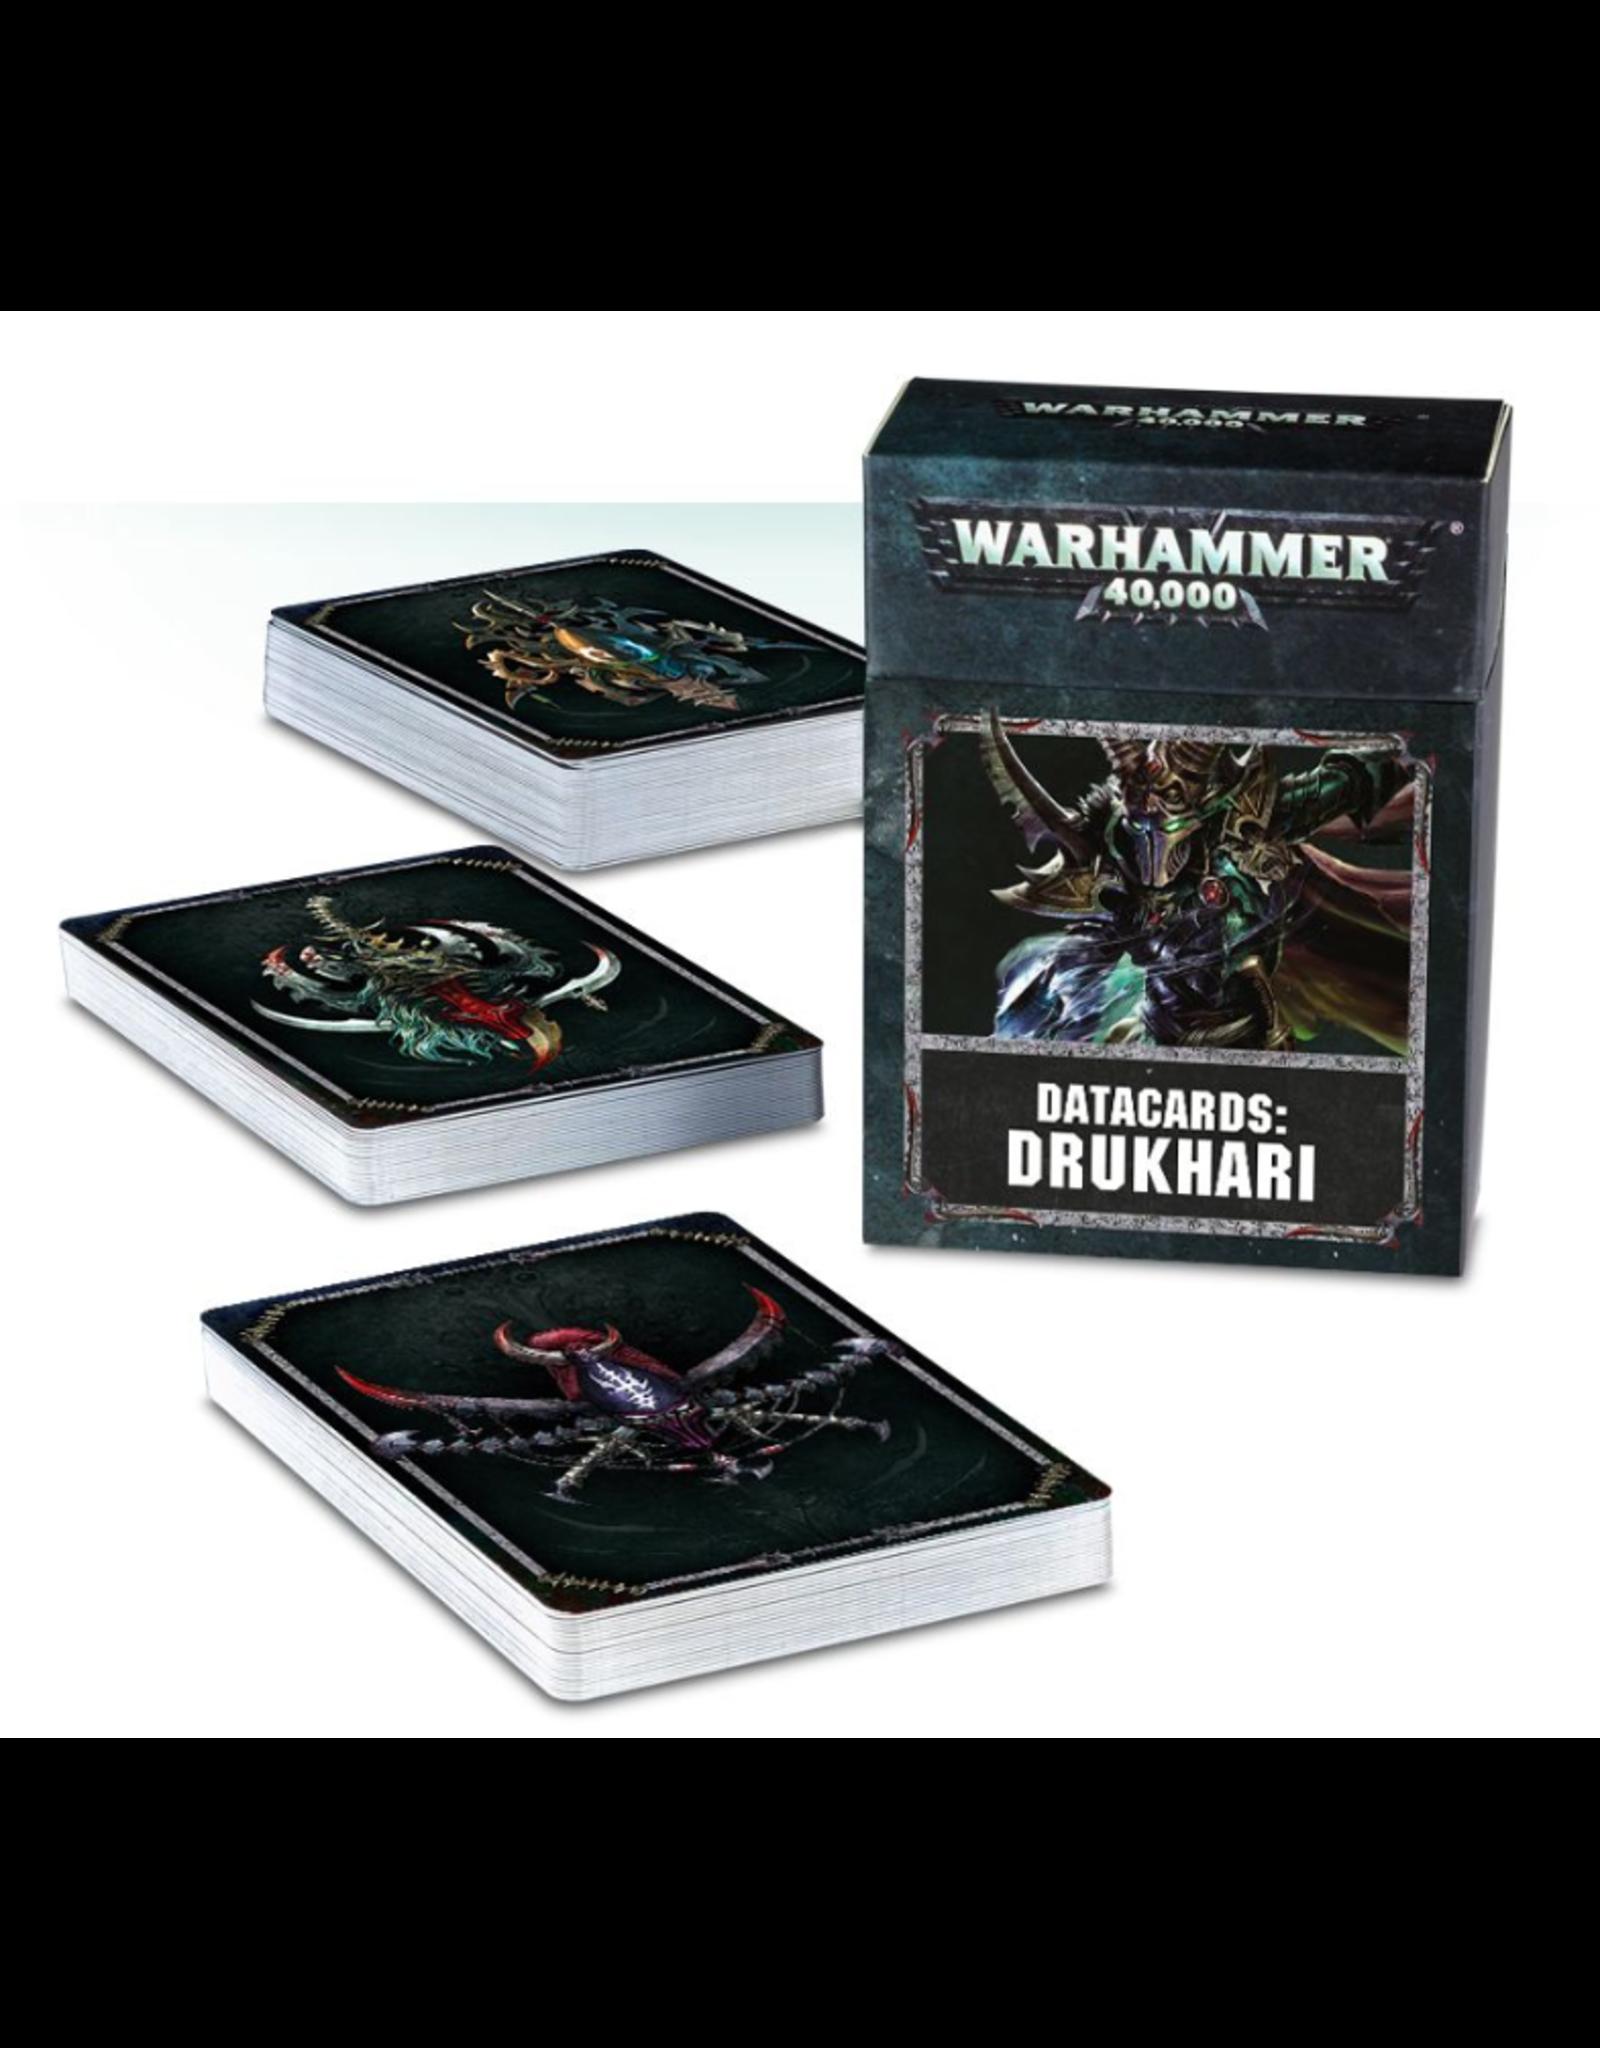 Warhammer 40K Datacards Drukhari
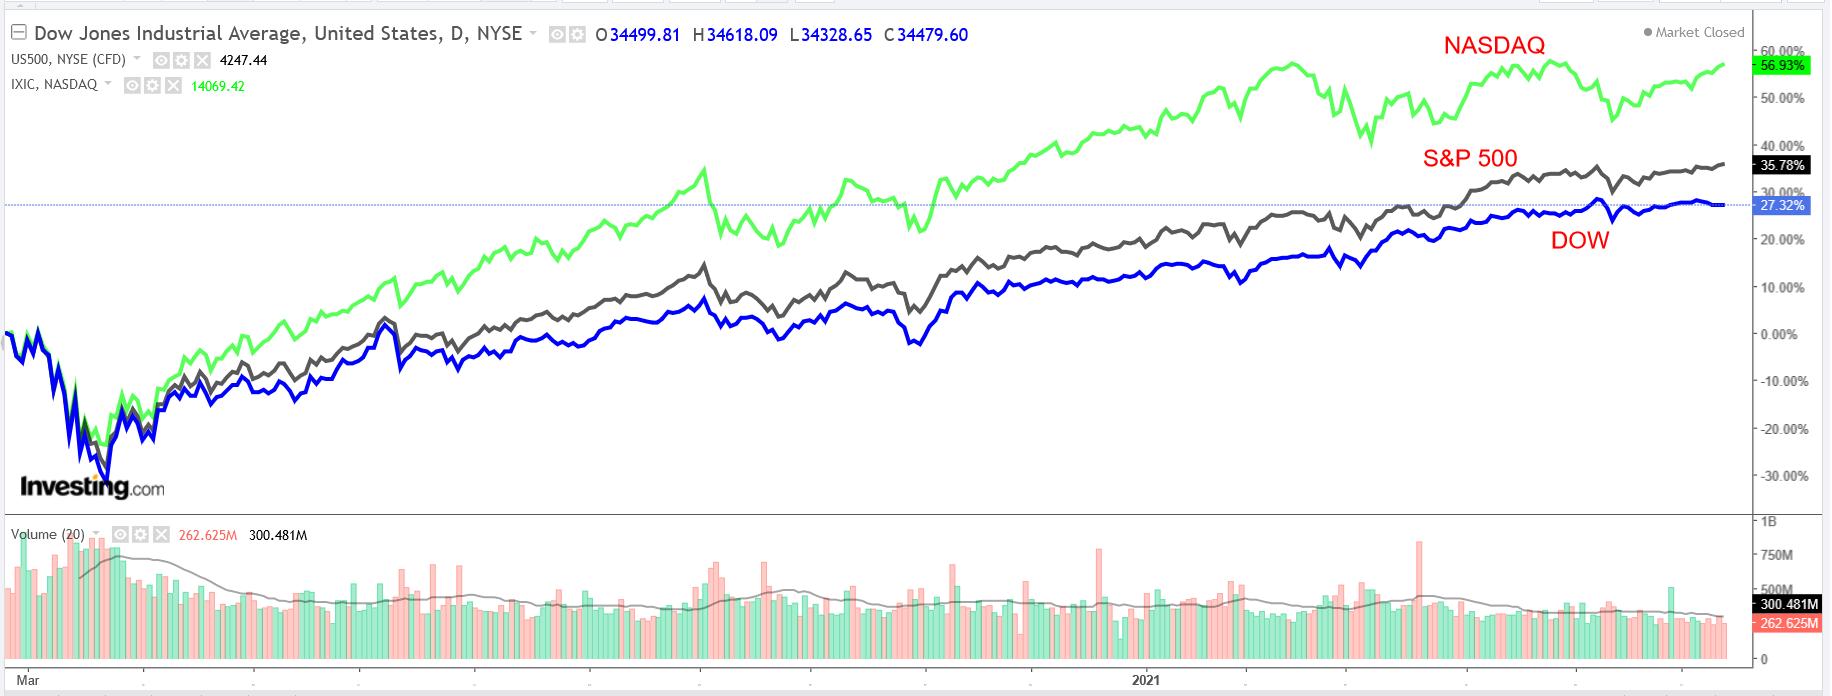 Dow, SP, NASDAQ Daily Charts
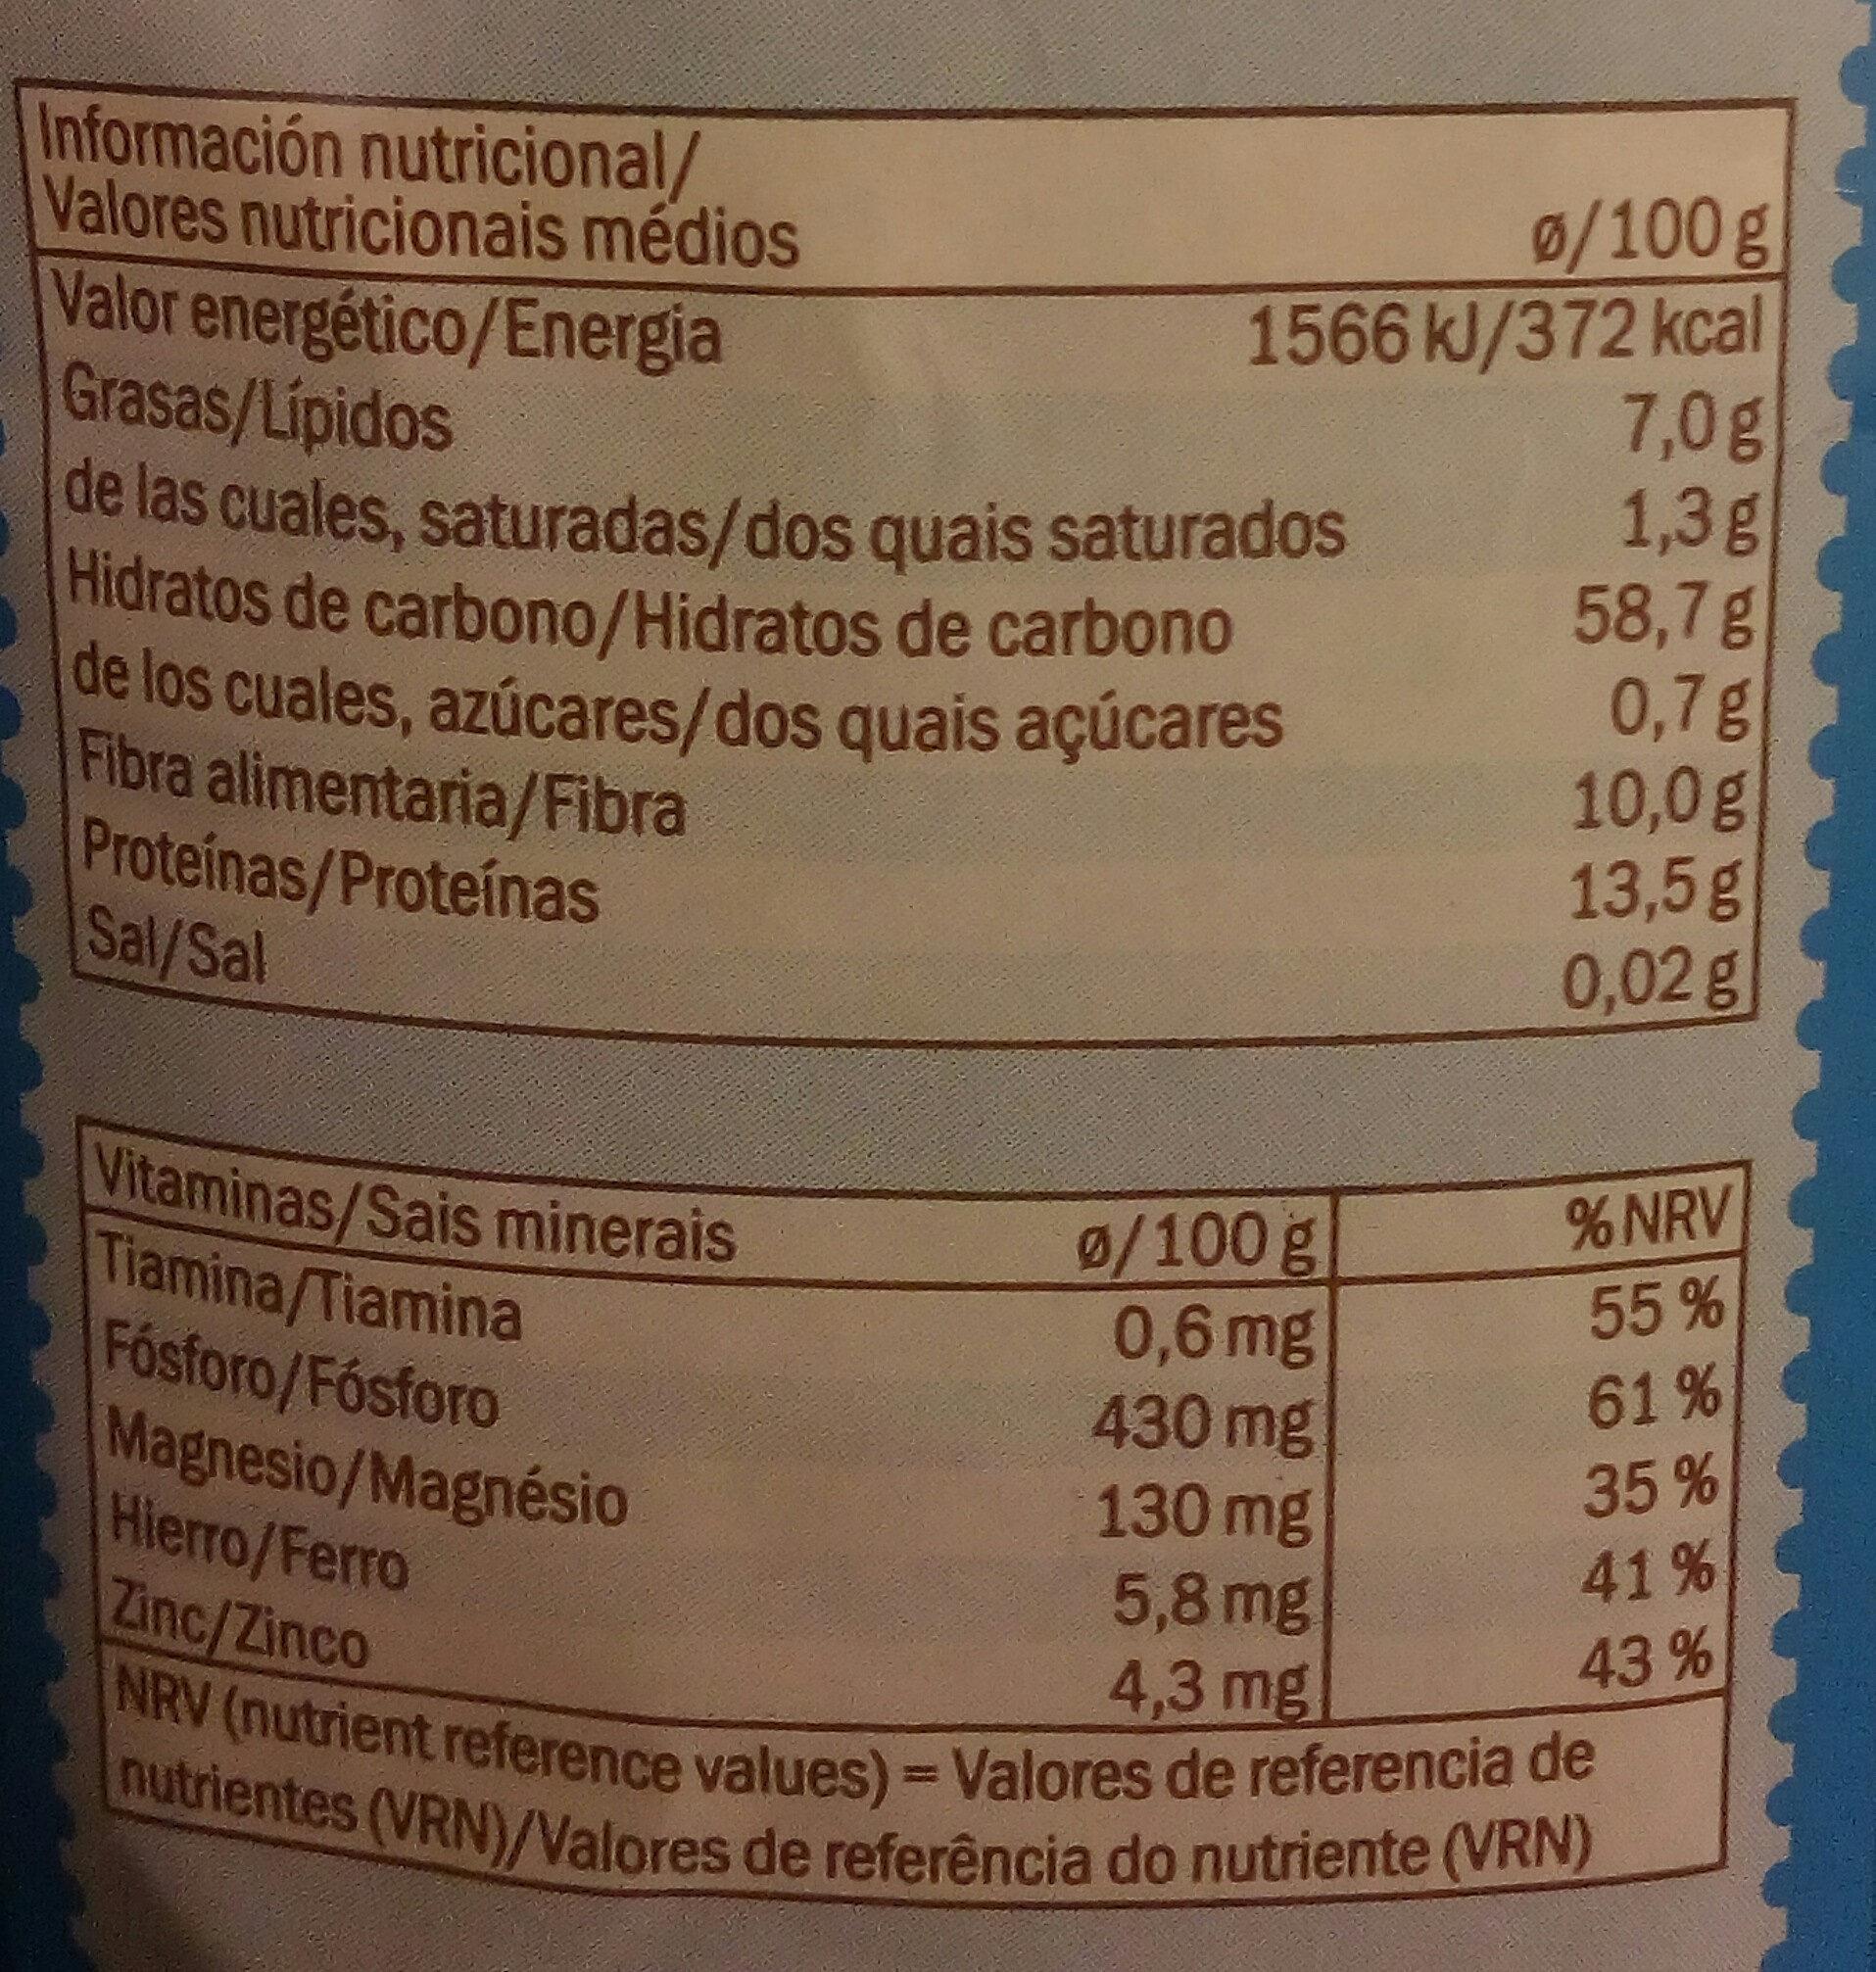 Flocons d'avoine complets - Informació nutricional - ca

*What you should do*.
Repeat word for word only the lines from the line holding "Dow, SP, NASDAQ Daily Charts" to the final line of the material, both included. Don't carry over any picture.

*Answer box*.
 Dow, SP, NASDAQ Daily Charts
 Flocons d'avoine complets - Informació nutricional - ca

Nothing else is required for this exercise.